O “Acordo sobre Reformas Constitucionais e Regime Eleitoral”, assinado em
dezembro de 1996, cristalizava o compromisso do governo em cumprir com as demais
reformas propostas anteriormente, incluindo as reformas do sistema de judiciário previstas
pelo “Acordo sobre o Fortalecimento Civil e a função do Exército em uma Sociedade
Democrática”, entre elas, o estabelecimento da carreira judicial, garantias na administração de
justiça, serviço público gratuito para a defesa jurídica, modernização e fortalecimento do
Poder Judiciário e reforma do Código Penal.

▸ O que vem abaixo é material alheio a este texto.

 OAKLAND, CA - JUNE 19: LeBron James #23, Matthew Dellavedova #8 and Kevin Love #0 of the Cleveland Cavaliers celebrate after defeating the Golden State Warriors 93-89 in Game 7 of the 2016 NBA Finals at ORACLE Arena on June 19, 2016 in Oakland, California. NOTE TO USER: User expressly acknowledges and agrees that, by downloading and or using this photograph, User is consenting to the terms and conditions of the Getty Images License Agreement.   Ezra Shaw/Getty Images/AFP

Um elemento de grande frustração para os movimentos sociais e para grande parte da
sociedade civil foi a aprovação da controversa Lei de Reconciliação Nacional, no “Acordo
para a Incorporação da URNG à legalidade”. Considerada, pelos atores civis como uma lei de
anistia, permitia a extinção da responsabilidade penal nos casos de crimes cometidos por
motivações políticas, abrindo precedente para a não culpabilidade de outros setores
envolvidos no conflito, como o Estado e o Exército. A lei, aprovada pelo Congresso no dia 27
de dezembro de 1996, por outro lado, excluía a extinção de responsabilidade penal nos
seguintes casos: Genocídio, tortura e desaparecimento forçado.

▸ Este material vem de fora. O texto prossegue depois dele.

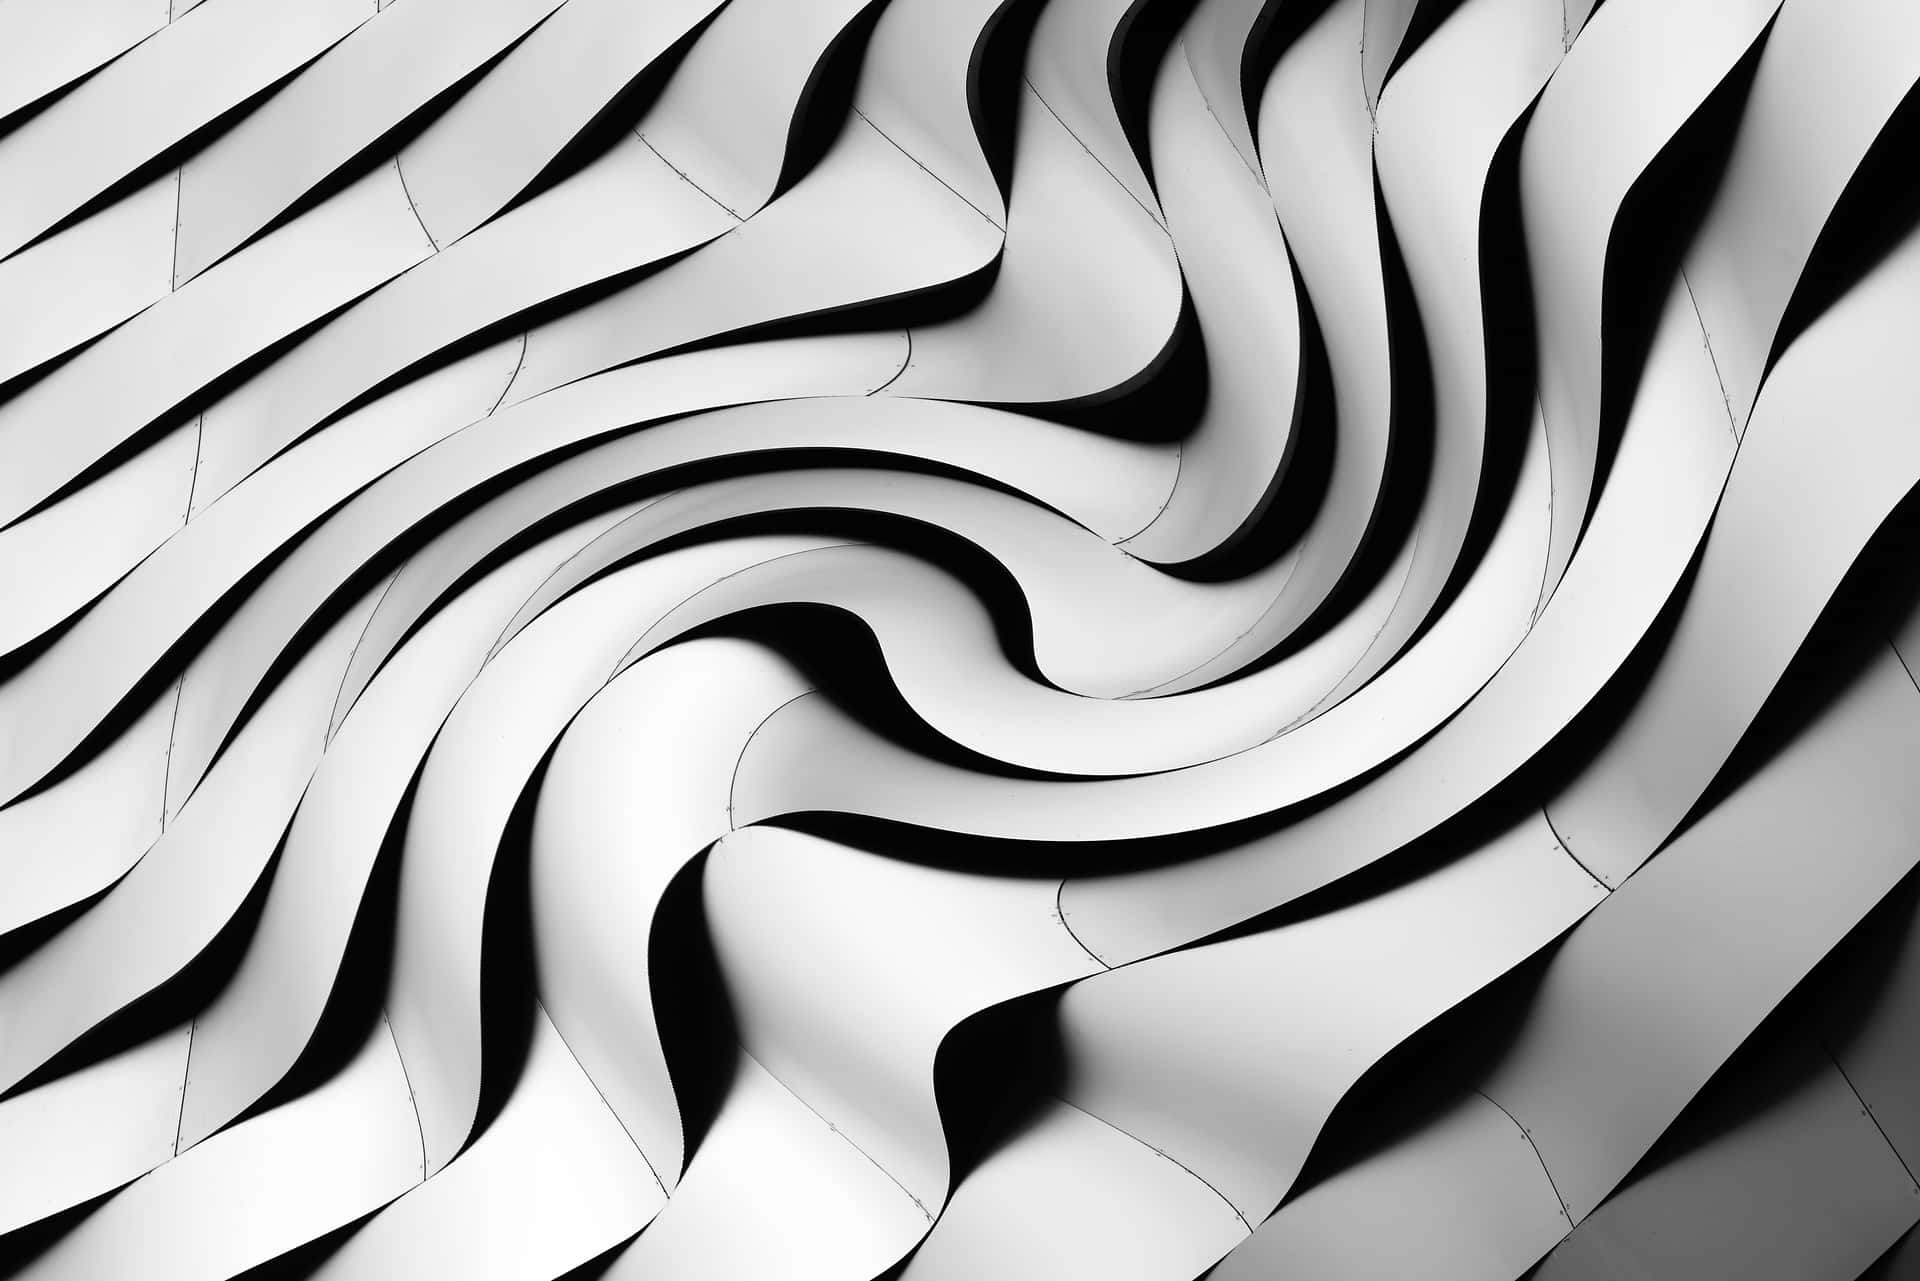 A Black And White Photo Of A Wavy Wall

Sem dúvida, a natureza própria do conflito armado na Guatemala, a dimensão de seus
crimes e o envolvimento de amplos setores da sociedade em seu processo, tornava a
promulgação de uma lei de anistia um passo indispensável para a incorporação de diversos
grupos, como os insurgentes, para a vida pública do país e para a reconciliação nacional. É
preciso reconhecer que ao excluir da anistia tais crimes imprescritíveis, a lei promove um
importante avanço em relação ao respeito às normas e convenções internacionais que
consideram tais delitos como imprescritíveis. Por outro lado, ao anistiar crimes políticos e
autoridades do Estado, abre precedente para muitos perpetradores envolvidos com as
estruturas de segurança e com a vida política do país, limitando o conceito de reorientação
democrática da segurança pública e as garantias de justiça.
Na análise dos desafios colocados à justiça após o fim das negociações de paz, é
preciso ter em conta, as debilidades históricas do sistema de justiça no país. Desde a falta de
assistência gratuita e bilíngue, até a ausência de autonomia do Poder Judiciário e da
Magistratura, em especial, durante os anos de conflito. Além disso, como afirma Edelberto
Torres-Rivas (2009, p.11-50), a transição política na Guatemala não foi marcada por uma
vitória de forças políticas democráticas, mas sim como resultado de um projeto político
militar contra-insurgente. Tais fatos são, sem dúvida, elementos de limitação da prática dos
mecanismos de justiça transicional estabelecidos como compromisso nos Acordos de Paz.
Para além do período de transição para o regime civil e constitucional, porém, durante
o processo de negociação de paz e de democratização, a sociedade civil organizada cumpriu
um papel fundamental se apropriando dos espaços de participação possíveis para a
formulação de uma agenda para as negociações, através da Comissão de Reconciliação e para
dirigir suas reivindicações às partes, formulando propostas em consenso através Assembleia
da Sociedade Civil. A relevância desse papel permanece ativa, uma vez que, a decisão de
julgar é sempre política, e por isso, questionável e debatível dentro do espaço público. Nesse
sentido, o processo e julgamento desse passado deverão ser acionados a partir da sociedade e
de suas reivindicações por justiça, mesmo esbarrando nas debilidades do Pode Judiciário e na
fragilidade de forças políticas interessadas em julgar esse passado.